Analysis and trading tips for USD/JPY on December 15

Analysis of transactions and tips for trading USD/JPY

No price test occurred in the pair despite the continued high market volatility. But by today, the situation has more or less stabilized, so there may be suitable market signals soon.

Fairly mixed business activity data in Japan came out, with the manufacturing index contracting and remaining below 50 points, while the service index demonstrated good growth. Market players overlooked this, focusing on similar indicators but for the US. If the data there also show nothing positive, there may be a further decline in the pair.

Analysis and trading tips for USD/JPY on December 15

For long positions:

Buy when the price hits 142.15 (green line on the chart) and take profit at 142.83. Growth will occur only if the US releases very strong statistics.

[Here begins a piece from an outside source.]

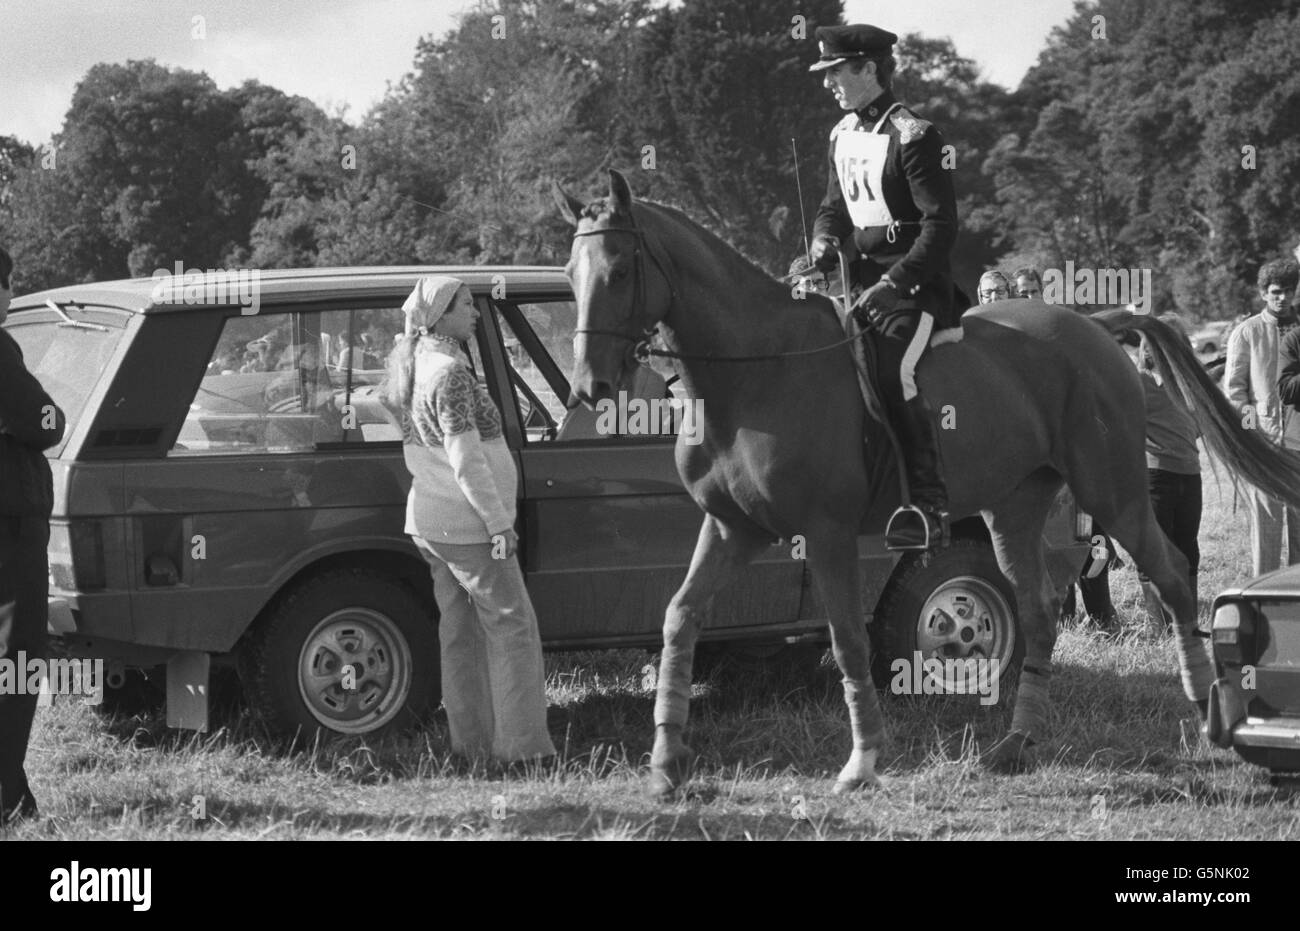 A pregnant Princess Anne at Knowlton Court, Kent, where she was watching husband Mark Phillips compete in the Knowlton Horse Trials. *Low res scan - hi res version available on request* Stock Photo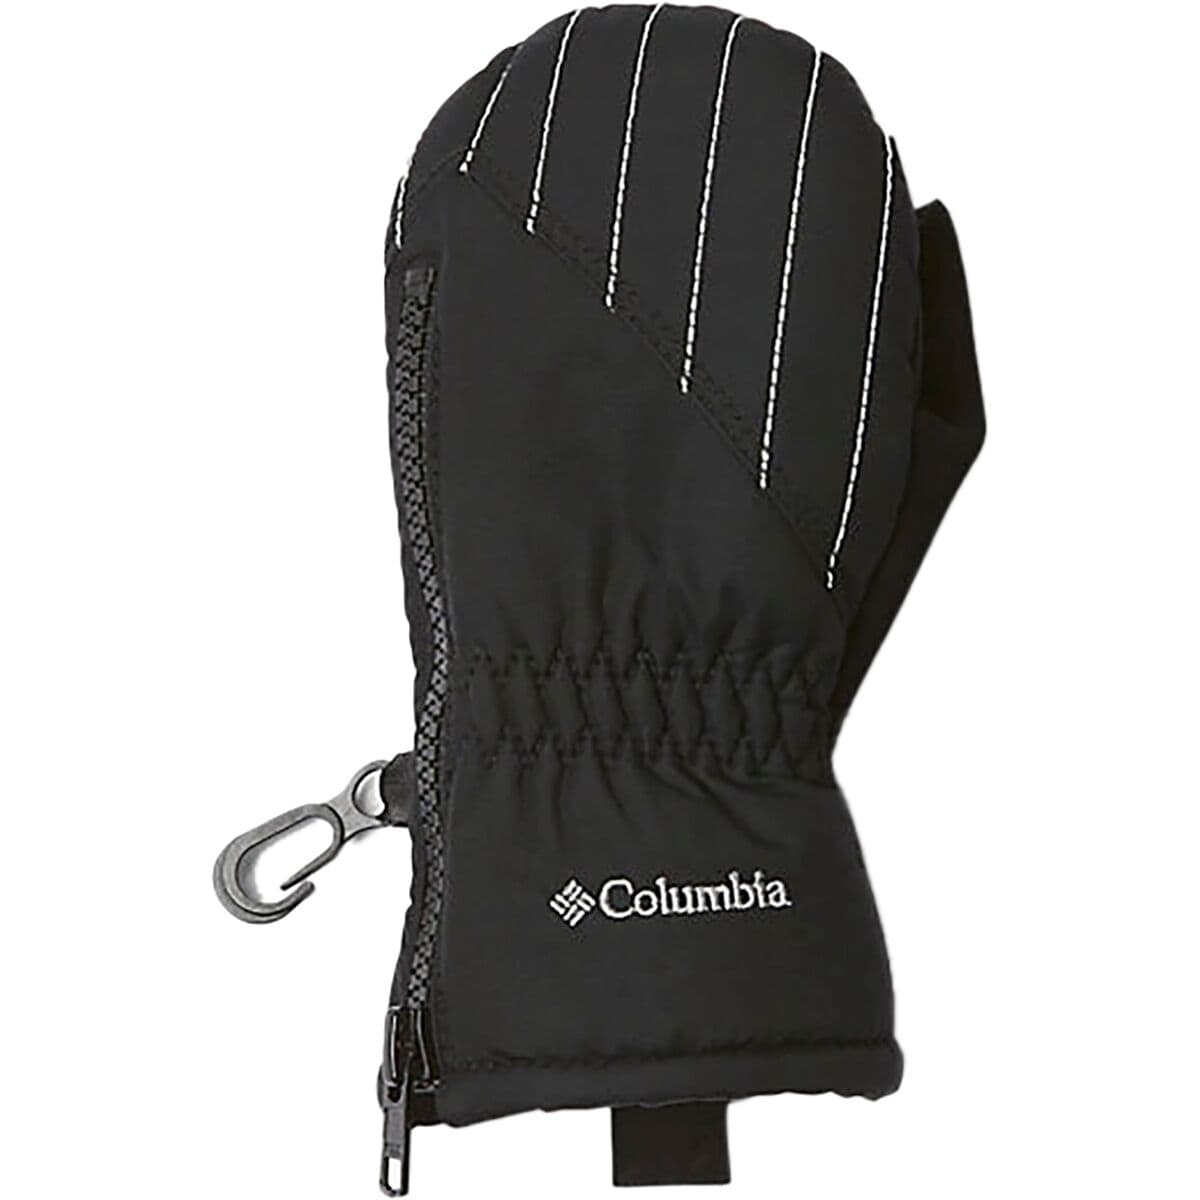 Photos - Winter Gloves & Mittens Columbia Chippewa II Mitten - Toddlers'

When buying, ensure that the MACD line lies above zero or rises from it. Also consider buying USD/JPY after two consecutive price tests of 141.46, but the MACD line should be in the oversold area as only by that will the market reverse to 142.15 and 142.83.

For short positions:

Sell when the price reaches 141.46 (red line on the chart) and take profit at 140.88. Pressure will increase amid weak US data.

When selling, ensure that the MACD line lies below zero or drops down from it. Also consider selling USD/JPY after two consecutive price tests of 142.15, but the MACD line should be in the overbought area as only by that will the market reverse to 141.46 and 140.88.

Analysis and trading tips for USD/JPY on December 15

What's on the chart:

Thin green line - entry price at which you can buy USD/JPY

Thick green line - estimated price where you can set Take-Profit (TP) or manually fix profits, as further growth above this level is unlikely.

Thin red line - entry price at which you can sell USD/JPY

Thick red line - estimated price where you can set Take-Profit (TP) or manually fix profits, as further decline below this level is unlikely.

MACD line- it is important to be guided by overbought and oversold areas when entering the market

Important: Novice traders need to be very careful when making decisions about entering the market. Before the release of important reports, it is best to stay out of the market to avoid being caught in sharp fluctuations in the rate. If you decide to trade during the release of news, then always place stop orders to minimize losses. Without placing stop orders, you can very quickly lose your entire deposit, especially if you do not use money management and trade large volumes.

And remember that for successful trading, you need to have a clear trading plan. Spontaneous trading decision based on the current market situation is an inherently losing strategy for an intraday trader.